### Task goal
Could you transcribe every entry exactly, leaving nothing out?

### Material shown
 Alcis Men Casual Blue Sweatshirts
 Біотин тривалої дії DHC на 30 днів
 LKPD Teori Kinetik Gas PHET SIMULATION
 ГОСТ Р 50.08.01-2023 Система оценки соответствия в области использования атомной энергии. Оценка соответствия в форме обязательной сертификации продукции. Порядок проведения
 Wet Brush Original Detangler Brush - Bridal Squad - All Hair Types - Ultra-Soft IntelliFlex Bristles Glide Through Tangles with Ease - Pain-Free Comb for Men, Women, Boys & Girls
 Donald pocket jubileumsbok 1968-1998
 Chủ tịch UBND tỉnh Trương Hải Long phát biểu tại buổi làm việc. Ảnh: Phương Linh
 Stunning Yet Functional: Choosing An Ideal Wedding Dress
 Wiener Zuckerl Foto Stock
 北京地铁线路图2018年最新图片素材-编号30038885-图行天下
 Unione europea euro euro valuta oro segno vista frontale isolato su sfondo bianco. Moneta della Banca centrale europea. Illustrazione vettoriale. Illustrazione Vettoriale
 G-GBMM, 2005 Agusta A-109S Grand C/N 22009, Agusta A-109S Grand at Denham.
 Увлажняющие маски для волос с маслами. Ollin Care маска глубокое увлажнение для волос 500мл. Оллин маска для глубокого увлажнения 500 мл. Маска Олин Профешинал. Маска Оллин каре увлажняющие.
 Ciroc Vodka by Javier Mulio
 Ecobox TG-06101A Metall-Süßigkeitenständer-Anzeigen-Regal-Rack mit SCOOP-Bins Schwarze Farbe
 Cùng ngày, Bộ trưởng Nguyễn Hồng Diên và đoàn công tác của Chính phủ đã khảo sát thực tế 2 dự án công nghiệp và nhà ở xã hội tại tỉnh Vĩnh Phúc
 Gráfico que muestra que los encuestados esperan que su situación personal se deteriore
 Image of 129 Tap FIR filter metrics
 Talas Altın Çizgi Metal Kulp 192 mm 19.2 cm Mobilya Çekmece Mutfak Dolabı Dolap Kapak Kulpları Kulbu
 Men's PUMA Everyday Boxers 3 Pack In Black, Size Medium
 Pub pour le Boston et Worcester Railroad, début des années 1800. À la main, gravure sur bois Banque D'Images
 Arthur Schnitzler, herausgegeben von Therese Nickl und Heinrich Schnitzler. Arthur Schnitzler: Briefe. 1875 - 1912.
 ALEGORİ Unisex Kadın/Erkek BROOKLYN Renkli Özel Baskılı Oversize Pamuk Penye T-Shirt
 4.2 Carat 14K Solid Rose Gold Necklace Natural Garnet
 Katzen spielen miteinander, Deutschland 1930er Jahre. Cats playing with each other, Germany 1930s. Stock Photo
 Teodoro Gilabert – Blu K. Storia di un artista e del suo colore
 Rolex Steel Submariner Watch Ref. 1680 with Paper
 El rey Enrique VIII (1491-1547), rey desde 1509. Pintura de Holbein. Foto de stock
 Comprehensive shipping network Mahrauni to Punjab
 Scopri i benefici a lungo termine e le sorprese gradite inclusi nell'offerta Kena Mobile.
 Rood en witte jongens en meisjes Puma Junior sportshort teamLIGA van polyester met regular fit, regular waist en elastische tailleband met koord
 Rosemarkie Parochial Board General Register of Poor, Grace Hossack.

### The answer
 Alcis Men Casual Blue Sweatshirts
 Біотин тривалої дії DHC на 30 днів
 LKPD Teori Kinetik Gas PHET SIMULATION
 ГОСТ Р 50.08.01-2023 Система оценки соответствия в области использования атомной энергии. Оценка соответствия в форме обязательной сертификации продукции. Порядок проведения
 Wet Brush Original Detangler Brush - Bridal Squad - All Hair Types - Ultra-Soft IntelliFlex Bristles Glide Through Tangles with Ease - Pain-Free Comb for Men, Women, Boys & Girls
 Donald pocket jubileumsbok 1968-1998
 Chủ tịch UBND tỉnh Trương Hải Long phát biểu tại buổi làm việc. Ảnh: Phương Linh
 Stunning Yet Functional: Choosing An Ideal Wedding Dress
 Wiener Zuckerl Foto Stock
 北京地铁线路图2018年最新图片素材-编号30038885-图行天下
 Unione europea euro euro valuta oro segno vista frontale isolato su sfondo bianco. Moneta della Banca centrale europea. Illustrazione vettoriale. Illustrazione Vettoriale
 G-GBMM, 2005 Agusta A-109S Grand C/N 22009, Agusta A-109S Grand at Denham.
 Увлажняющие маски для волос с маслами. Ollin Care маска глубокое увлажнение для волос 500мл. Оллин маска для глубокого увлажнения 500 мл. Маска Олин Профешинал. Маска Оллин каре увлажняющие.
 Ciroc Vodka by Javier Mulio
 Ecobox TG-06101A Metall-Süßigkeitenständer-Anzeigen-Regal-Rack mit SCOOP-Bins Schwarze Farbe
 Cùng ngày, Bộ trưởng Nguyễn Hồng Diên và đoàn công tác của Chính phủ đã khảo sát thực tế 2 dự án công nghiệp và nhà ở xã hội tại tỉnh Vĩnh Phúc
 Gráfico que muestra que los encuestados esperan que su situación personal se deteriore
 Image of 129 Tap FIR filter metrics
 Talas Altın Çizgi Metal Kulp 192 mm 19.2 cm Mobilya Çekmece Mutfak Dolabı Dolap Kapak Kulpları Kulbu
 Men's PUMA Everyday Boxers 3 Pack In Black, Size Medium
 Pub pour le Boston et Worcester Railroad, début des années 1800. À la main, gravure sur bois Banque D'Images
 Arthur Schnitzler, herausgegeben von Therese Nickl und Heinrich Schnitzler. Arthur Schnitzler: Briefe. 1875 - 1912.
 ALEGORİ Unisex Kadın/Erkek BROOKLYN Renkli Özel Baskılı Oversize Pamuk Penye T-Shirt
 4.2 Carat 14K Solid Rose Gold Necklace Natural Garnet
 Katzen spielen miteinander, Deutschland 1930er Jahre. Cats playing with each other, Germany 1930s. Stock Photo
 Teodoro Gilabert – Blu K. Storia di un artista e del suo colore
 Rolex Steel Submariner Watch Ref. 1680 with Paper
 El rey Enrique VIII (1491-1547), rey desde 1509. Pintura de Holbein. Foto de stock
 Comprehensive shipping network Mahrauni to Punjab
 Scopri i benefici a lungo termine e le sorprese gradite inclusi nell'offerta Kena Mobile.
 Rood en witte jongens en meisjes Puma Junior sportshort teamLIGA van polyester met regular fit, regular waist en elastische tailleband met koord
 Rosemarkie Parochial Board General Register of Poor, Grace Hossack.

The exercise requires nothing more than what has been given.